今までの自分のキャリアでは、業務サービスとして提供するコードを書くには力が不足していました。
なので、とにかく開発力を短期間で上げられるように以下のようなことに特に気をつけて努力していました。
- コードを読む。どの行を読んでもきちんと意味が説明できるようにする。サードパーティライブラリのコードも必要に応じて追いかける。
- 公式ドキュメントを読む。サードパーティライブラリが使われているコードが出てきたらその挙動を正しく理解する。
- 速く書く。速く書くというと「コピペとかしていい加減に書く」ように聞こえるが、そういう適当な書き方すると大抵の場合もっと時間がかる。頭をフル回転させて素早く実装を設計して書き出していくと、結果としてコードがきれいになる。

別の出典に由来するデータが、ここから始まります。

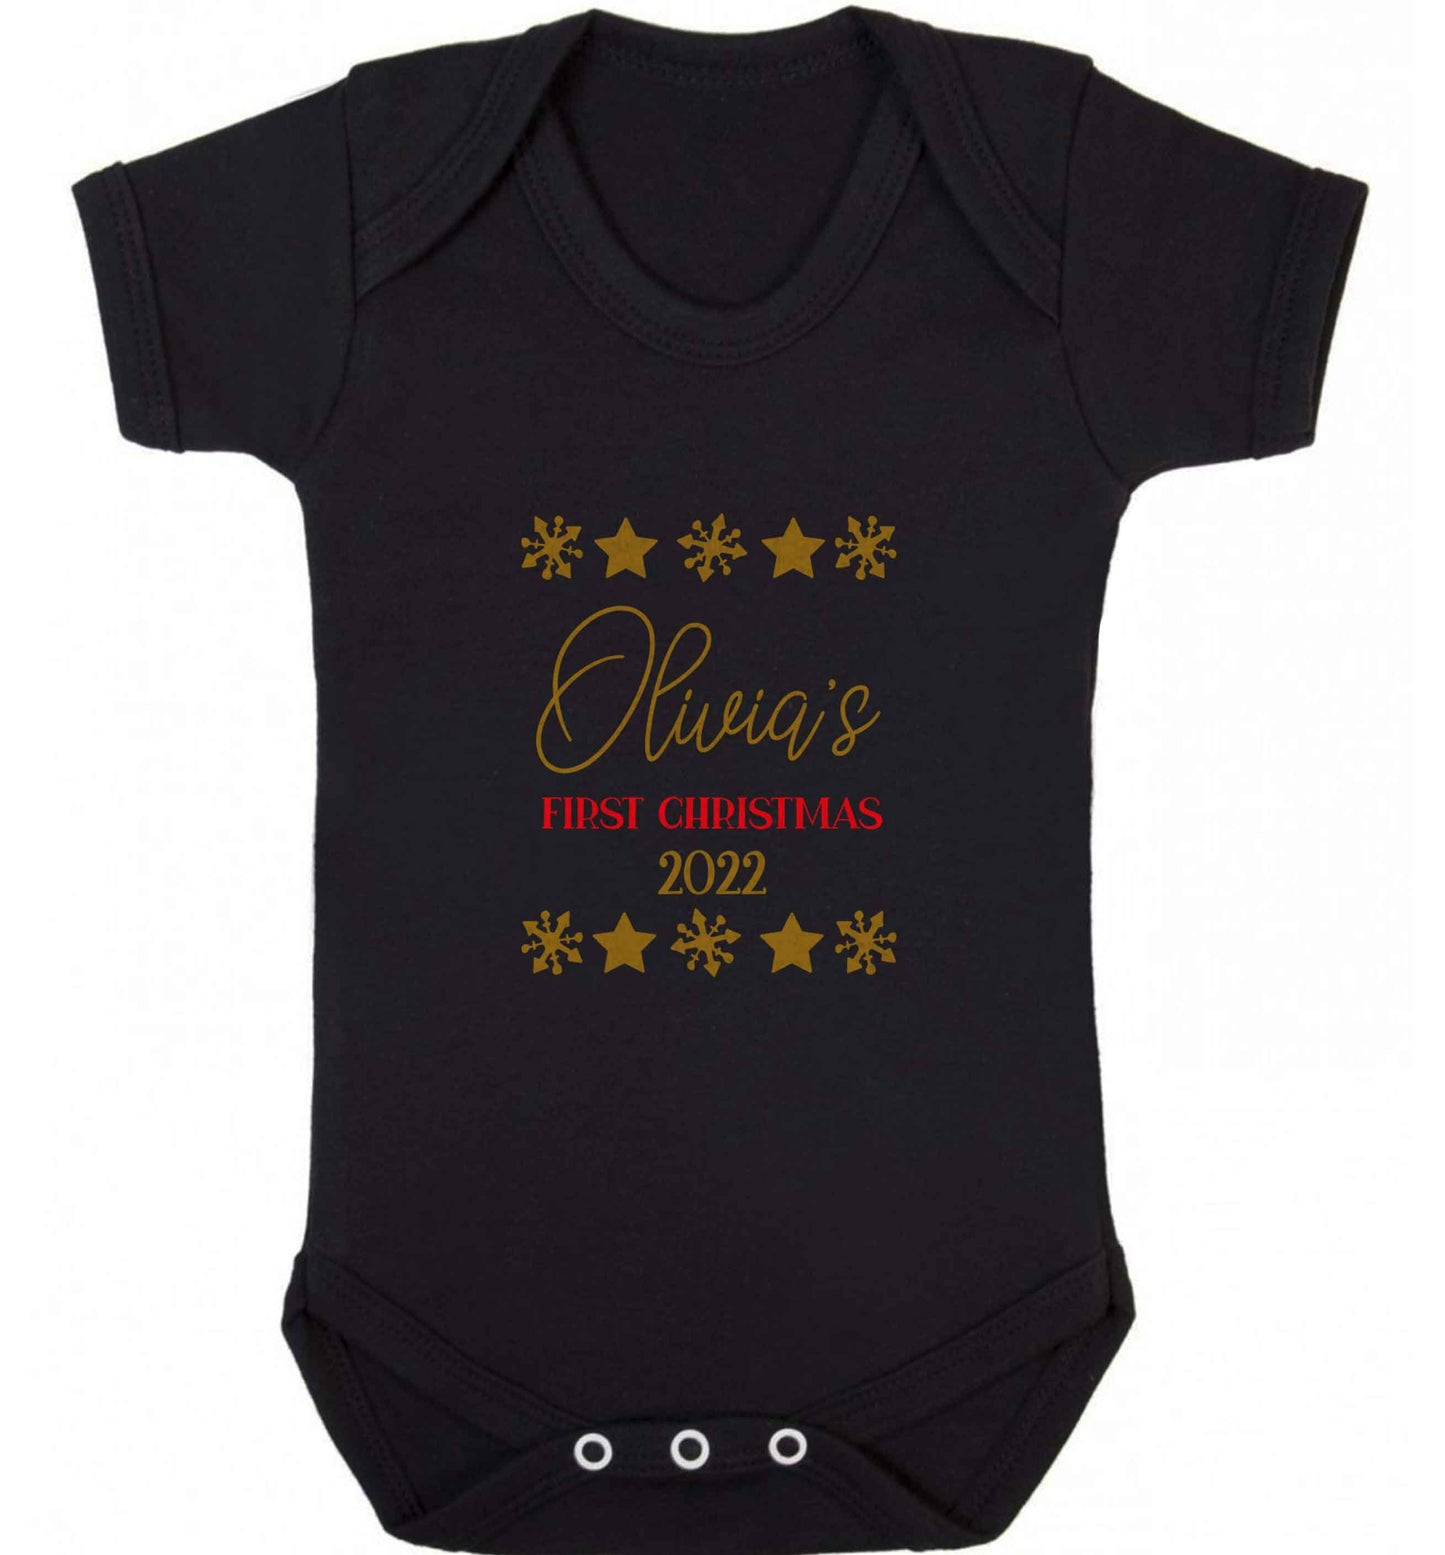 Personalised First Christmas baby vest black 18-24 months

- PRにはきちんと説明を書く。どういうPRなのか、何をしようとしているのか、なぜこういう実装になっているのか、なぜこのPRを出そうとしたのかなどを書く。必要に応じて別途設計書を書く。
- テストをきちんと書く。きちんと書くとは、上記PRに書いた内容をテストしてることがわかるテストを書くということ。

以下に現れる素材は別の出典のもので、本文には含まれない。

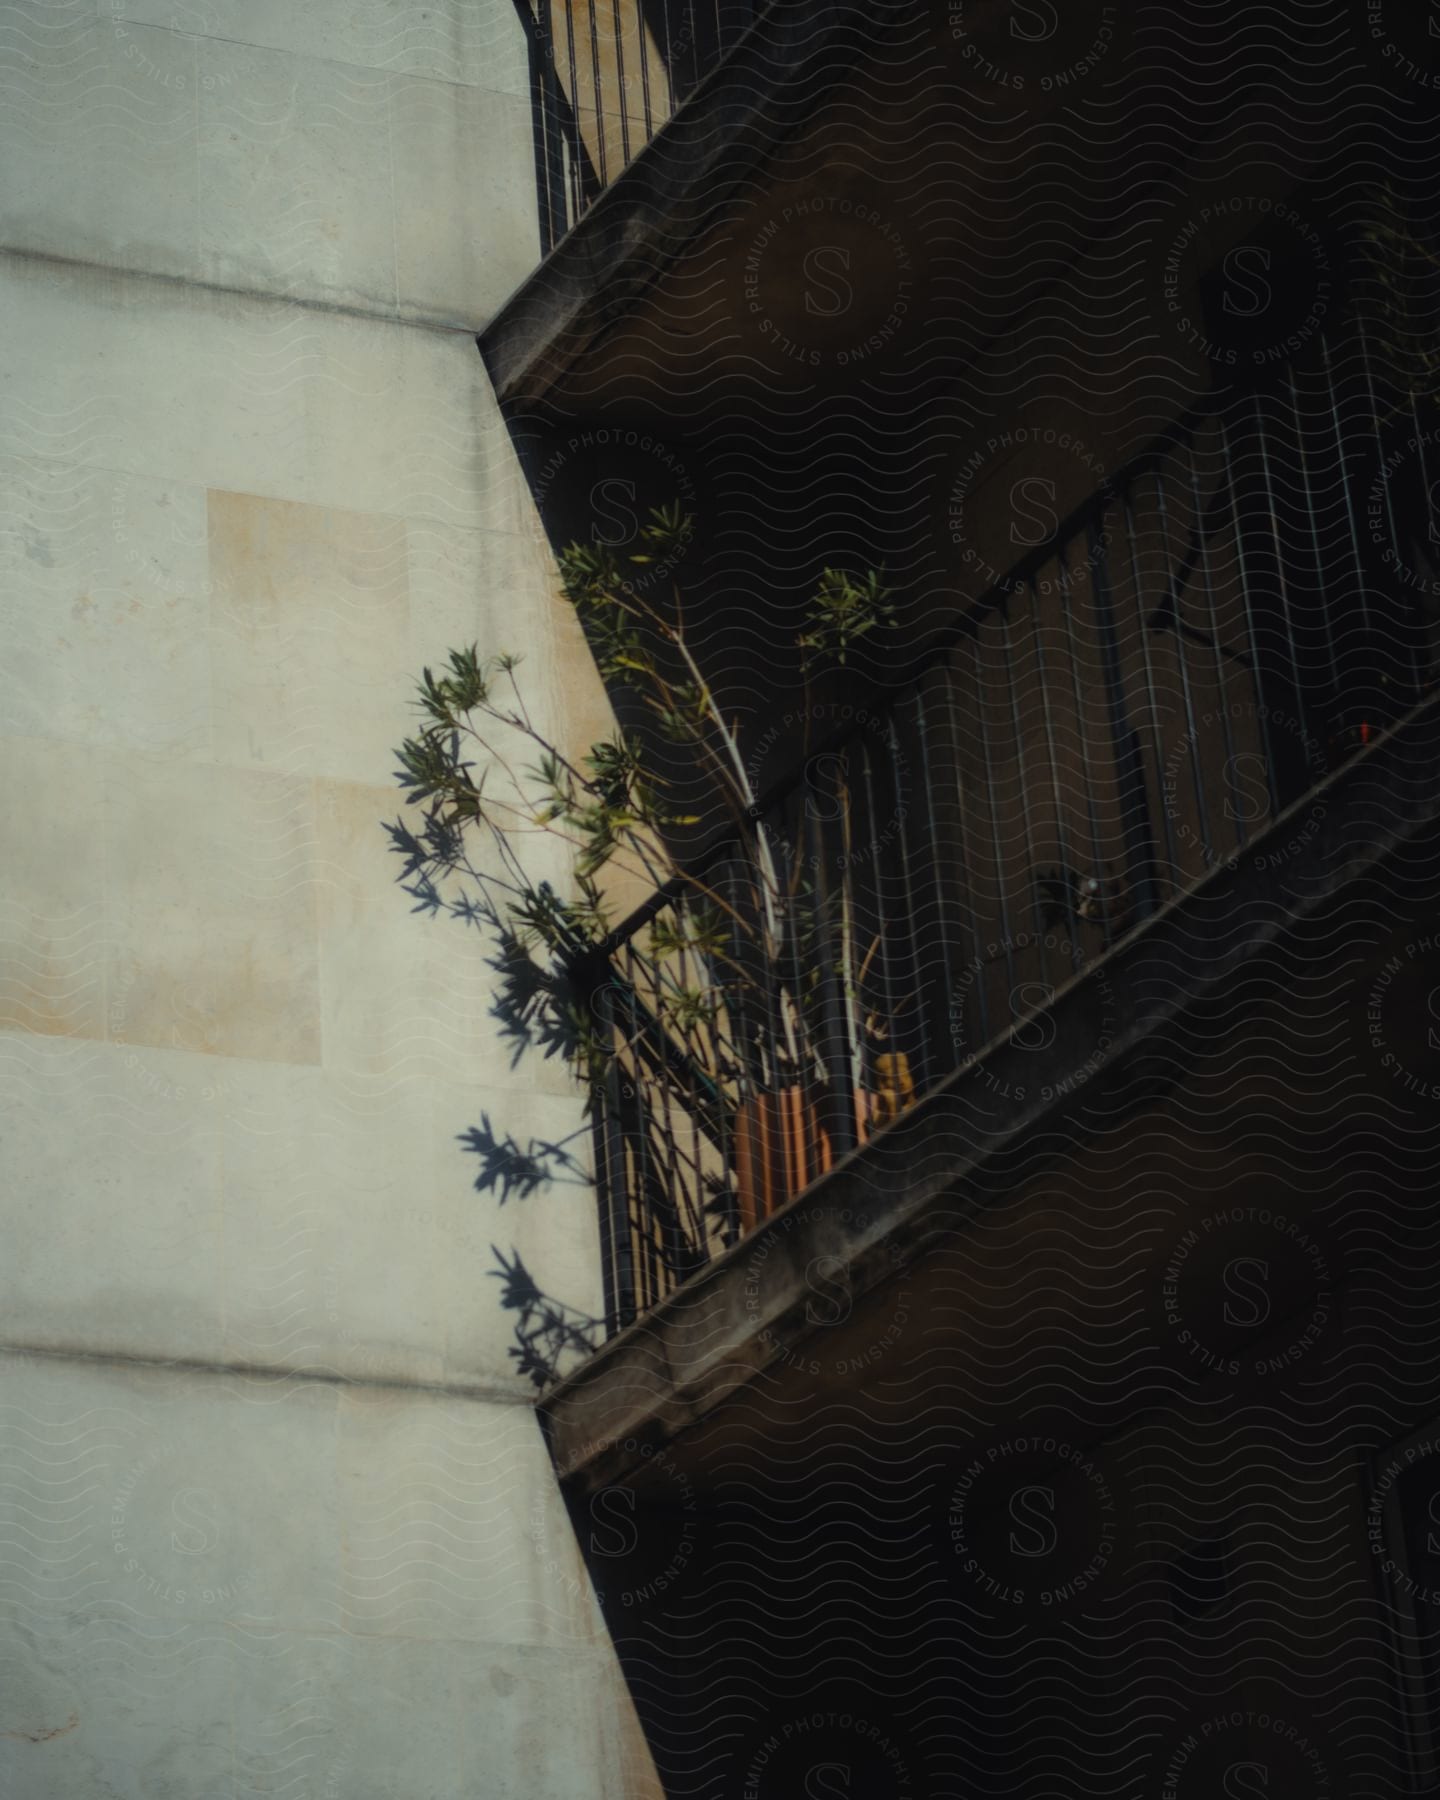 A potted plant sits on a balcony outside a building

- テストデータは時間をかけて作る。テストデータが正しくないと全部の結果がおかしくなる。
- コメントをきちんと書く。きちんと書くとは、コードから読み取れないコンテキストをコメントとして残しておくということ。
- レビューの指摘は、なぜその指摘なのかを一言一句ちゃんと理解してから指摘を直す。

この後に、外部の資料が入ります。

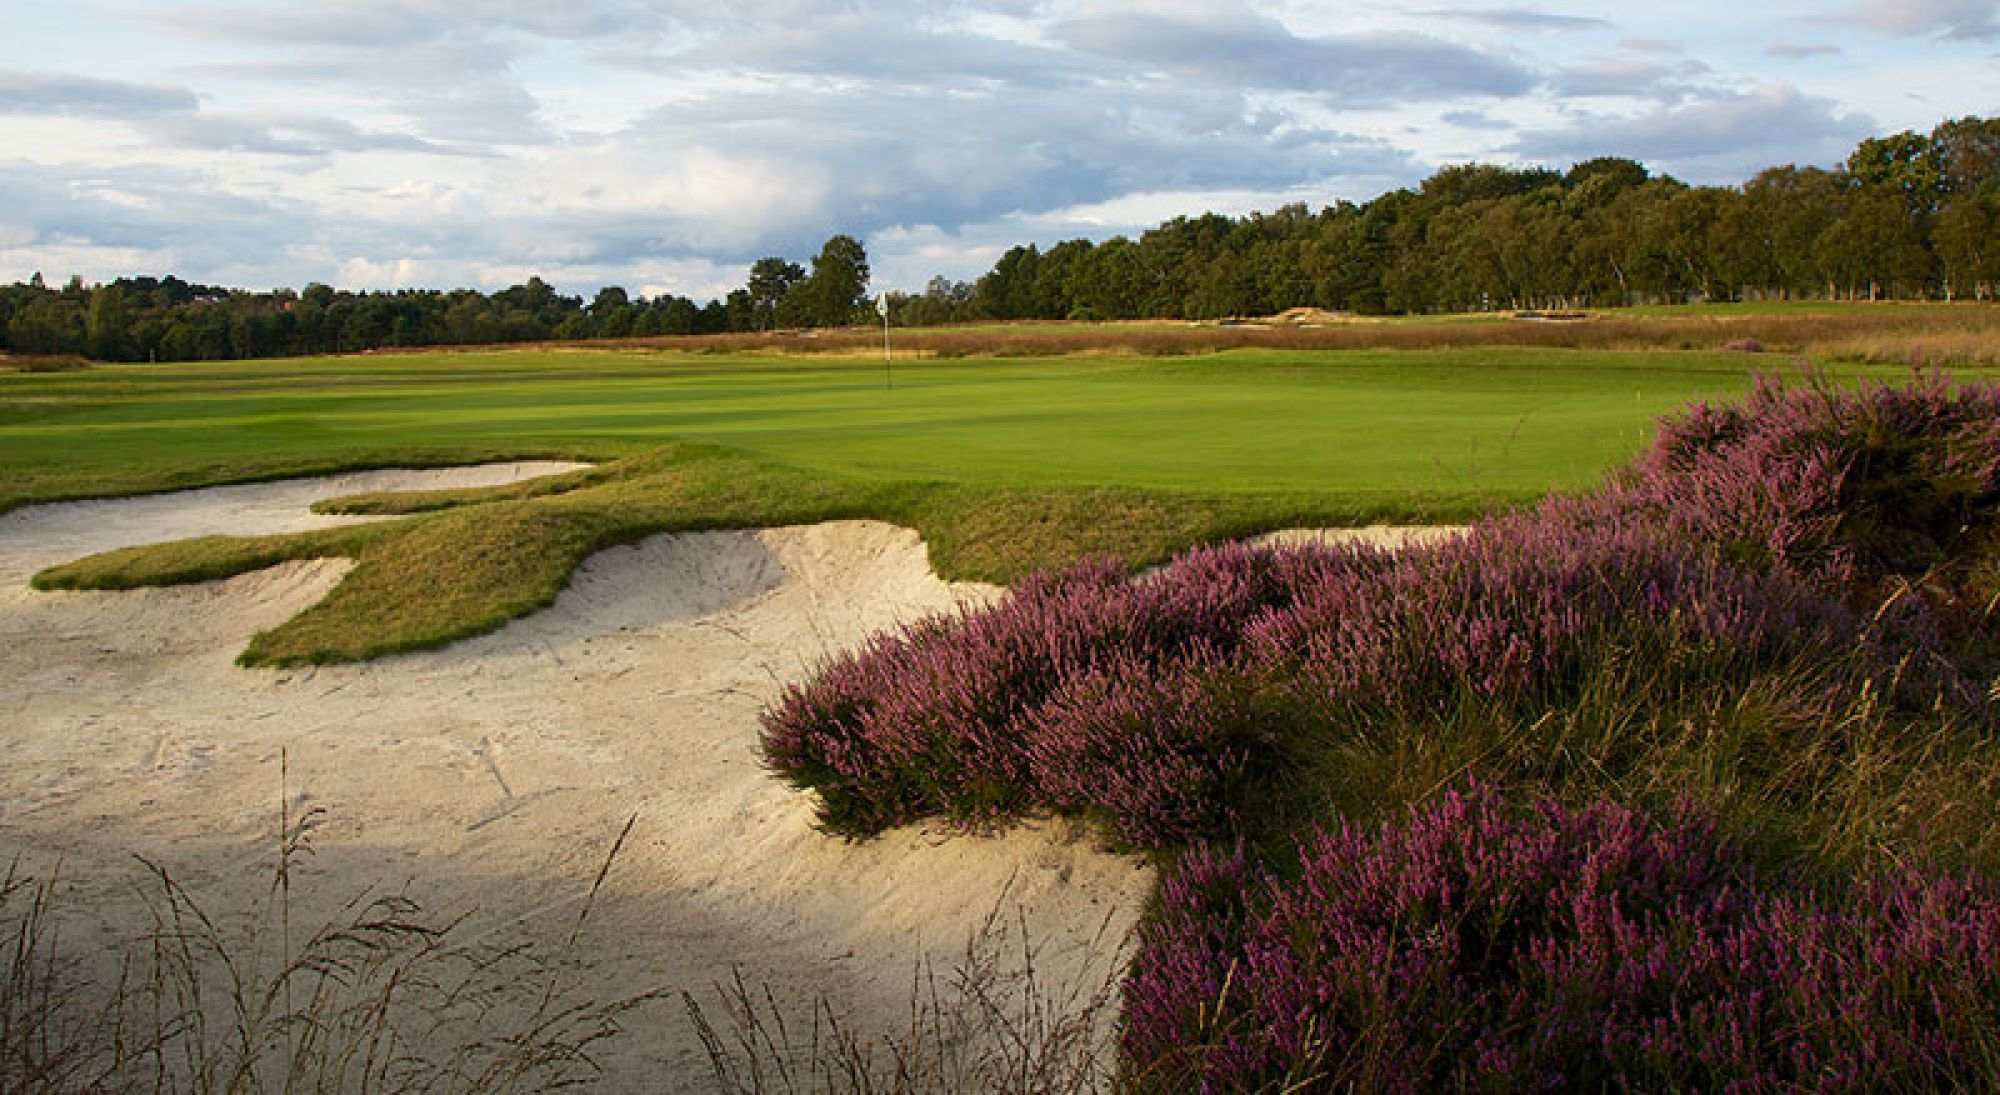 Moortown Golf Club includes among the most popular golf course within Yorkshire

- レビューするときは、レビュー対象のコードが何をするものなのかを自分が説明できるレベルまで読み込む。
- テストだけでなく、自分の手できちんと動作確認をして、期待した挙動に本当になっているのかを確認する。
その結果1年でそこそこコードを書けるようにはなった気がします。
営業から開発まで全部できるようになると以下のような流れで仕事ができるようになります。
- お客様と話をして、解決したい課題を確認する
- 手元でPoCのコードを書いて、課題を解決できるかを確認する
- 新規開発で解決できることがわかったら、設計を書く
- 設計のレビューを受けたら開発する
- 開発したらお客様に見せて、課題解決ができているか確認する
- できていない場合は再設計、再修正する
- 完成したらリリースする
「お客様の課題を本当に解決できているのかわからないけど開発しなければならない」といった開発サイドの悩みや、「開発側がお客様のペインをきちんと理解してくれない」といった営業サイドの悩みが一切ないというのが大きいです。
デメリットというか懸念点としては、こういう何でも屋的スキルセットは世の中の需要がないので今後のキャリアにはあまりプラスになりそうにないということですね。
どれか一つの専門性を高めていった方が転職市場での需要はあると思います。
サービスとしては始まったばかりなのでまだまだ課題はたくさんありますし、自分個人としても営業、マーケティング、開発など全ての方面で能力をもっと高めていかないといけないので、まだまだどちらも発展途上の身ではありますが、近況報告を兼ねて書き出してみました。